:: PROMPT ::
Begin at the line containing "Herman Miller and" in the data below and go on through the line containing "Arnar Mar Jonsson", repeating each line exactly; include both ends and no other line.

:: MATERIAL FOR THIS EXERCISE ::
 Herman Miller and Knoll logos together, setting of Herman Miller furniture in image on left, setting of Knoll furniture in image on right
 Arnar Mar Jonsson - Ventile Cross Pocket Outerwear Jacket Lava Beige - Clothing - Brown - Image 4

* * *

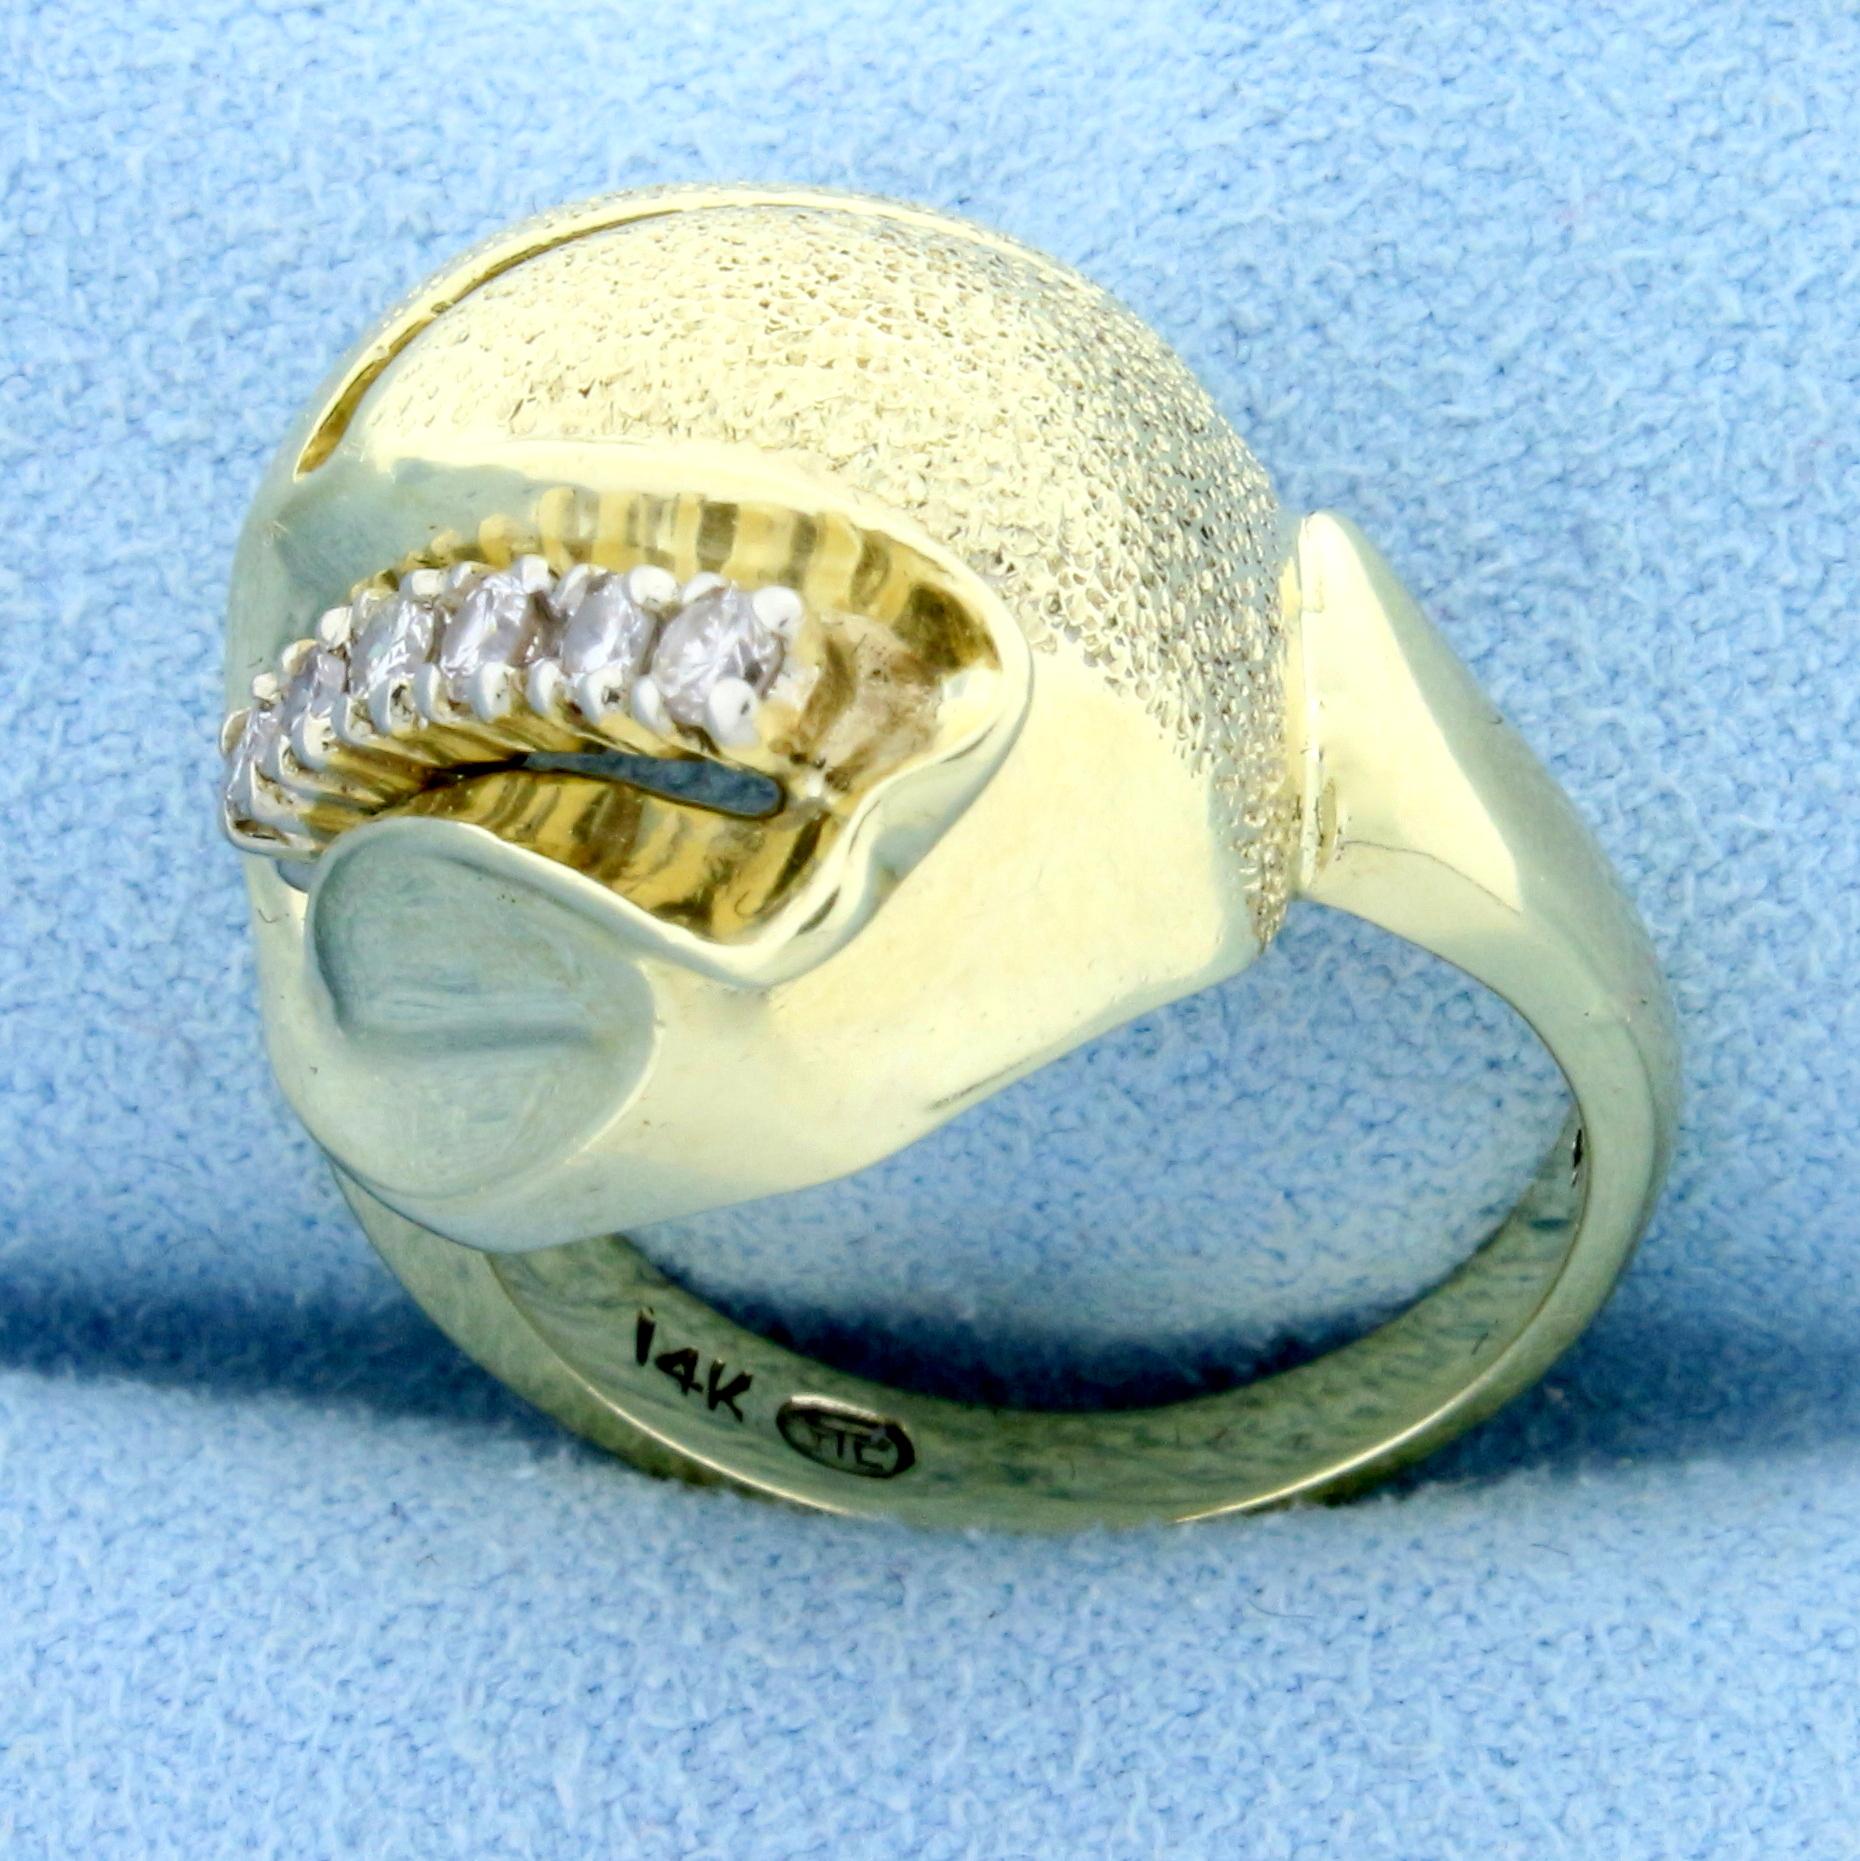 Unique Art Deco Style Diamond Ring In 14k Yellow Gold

:: SOLUTION TO THIS PROBLEM ::
 Herman Miller and Knoll logos together, setting of Herman Miller furniture in image on left, setting of Knoll furniture in image on right
 Arnar Mar Jonsson - Ventile Cross Pocket Outerwear Jacket Lava Beige - Clothing - Brown - Image 4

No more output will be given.